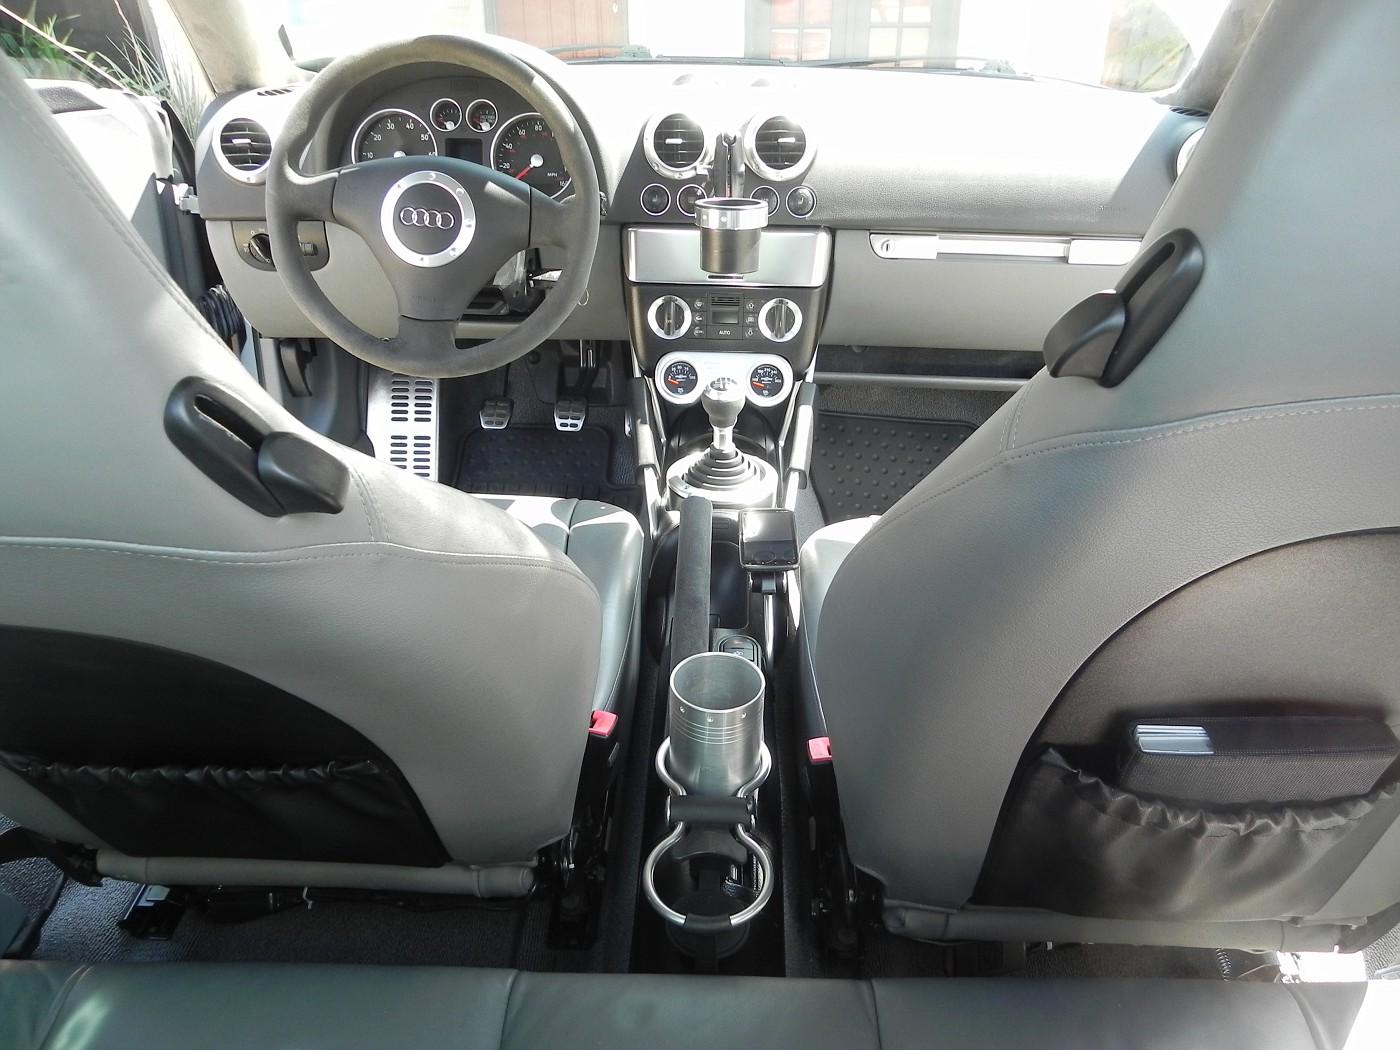 The Audi TT Forum • View topic - Full Interior/dash swap (light grey)
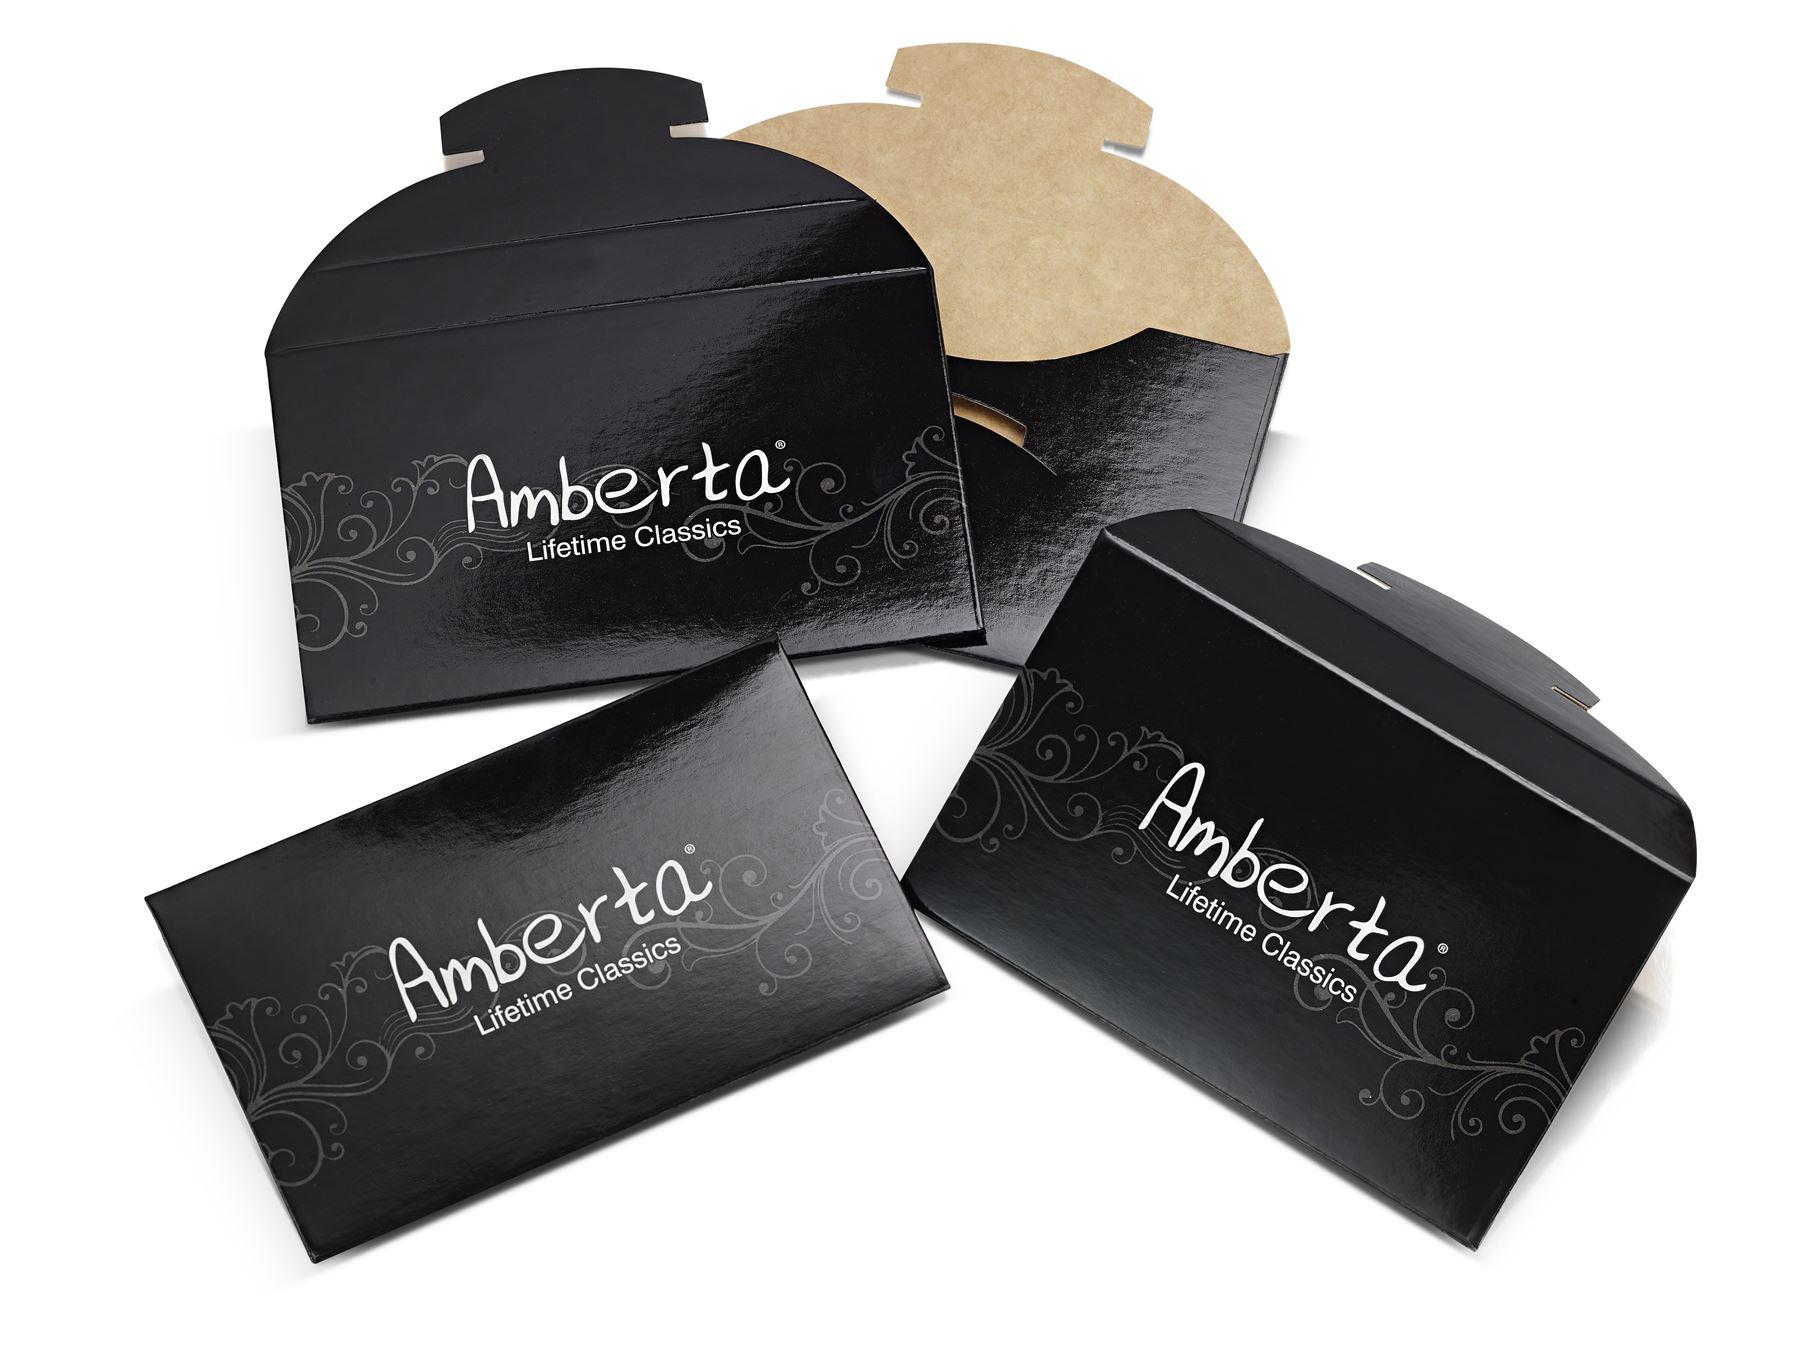 Amberta-Jewelry-925-Sterling-Silver-Adjustable-Bracelet-Italian-Bangle-for-Women miniature 16
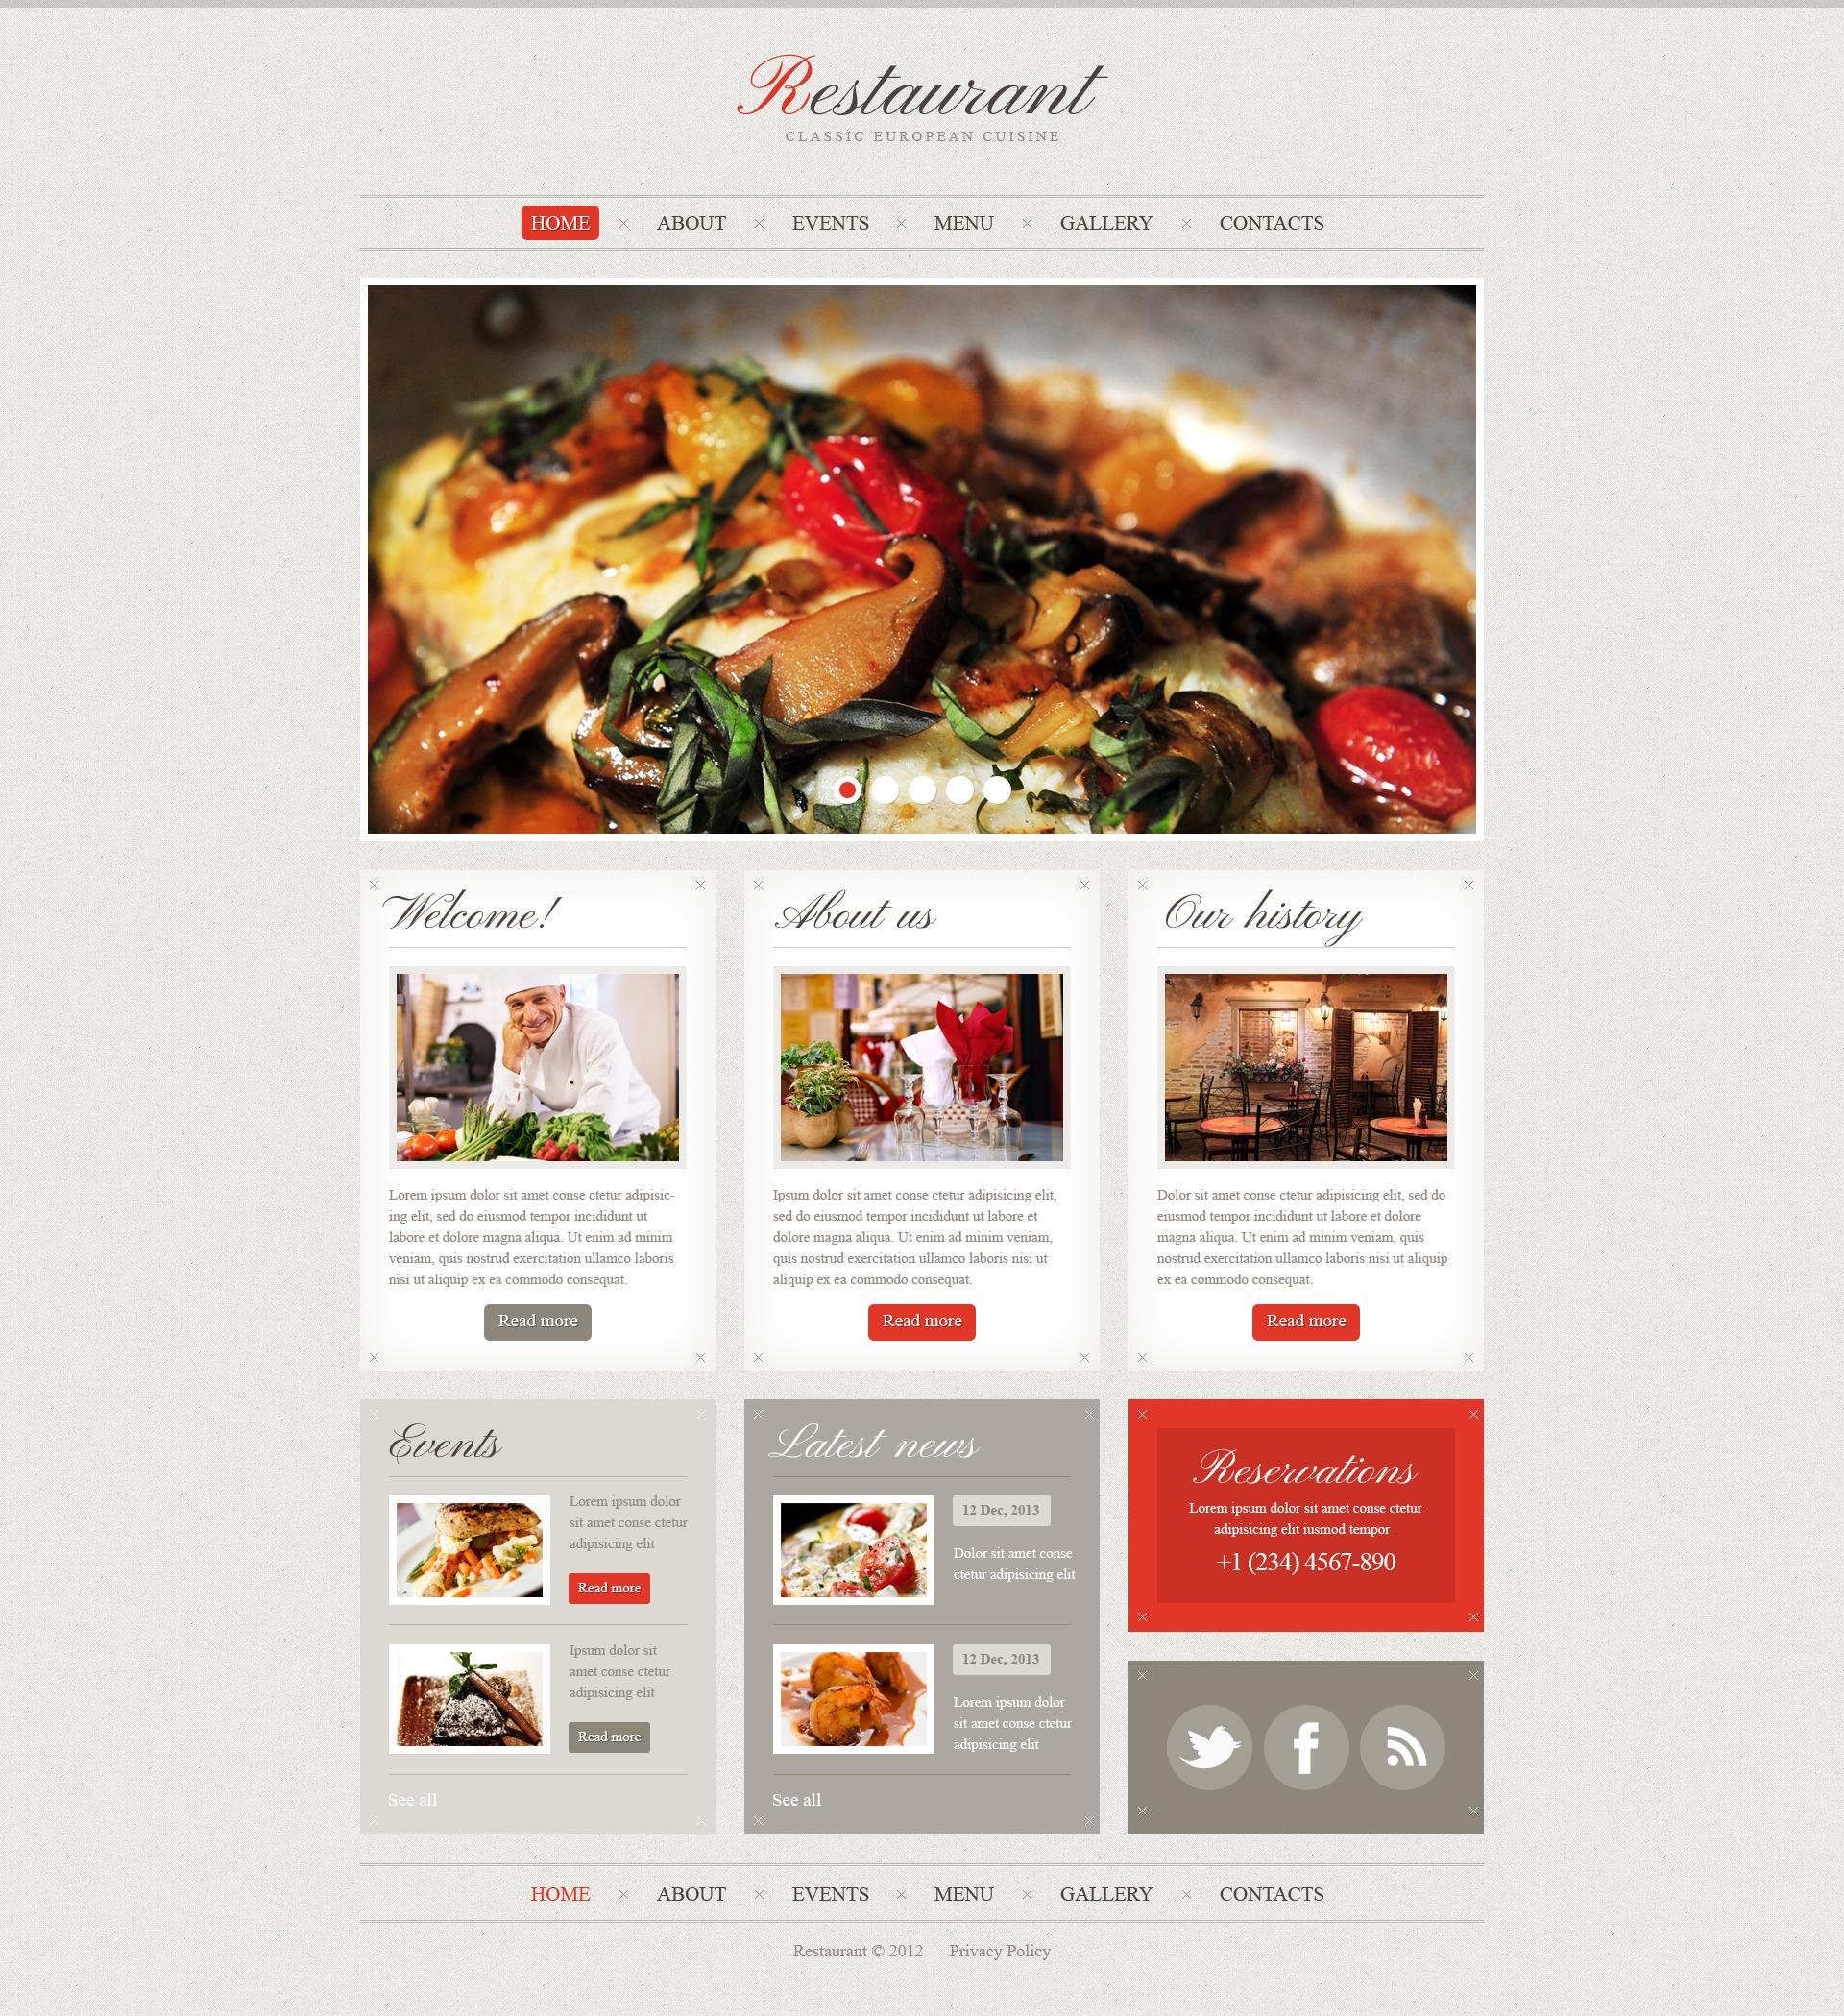 Großartig Restaurant Flyer Vorlage Galerie - Entry Level Resume ...
_ _ _
### [DIRECTIONS FOR THIS TASK]
Write the material above out again exactly. Omit every image.

### [RESPONSE TO THE TASK]
 The Audi TT Forum • View topic - Full Interior/dash swap (light grey)
 Amberta-Jewelry-925-Sterling-Silver-Adjustable-Bracelet-Italian-Bangle-for-Women miniature 16
 Großartig Restaurant Flyer Vorlage Galerie - Entry Level Resume ...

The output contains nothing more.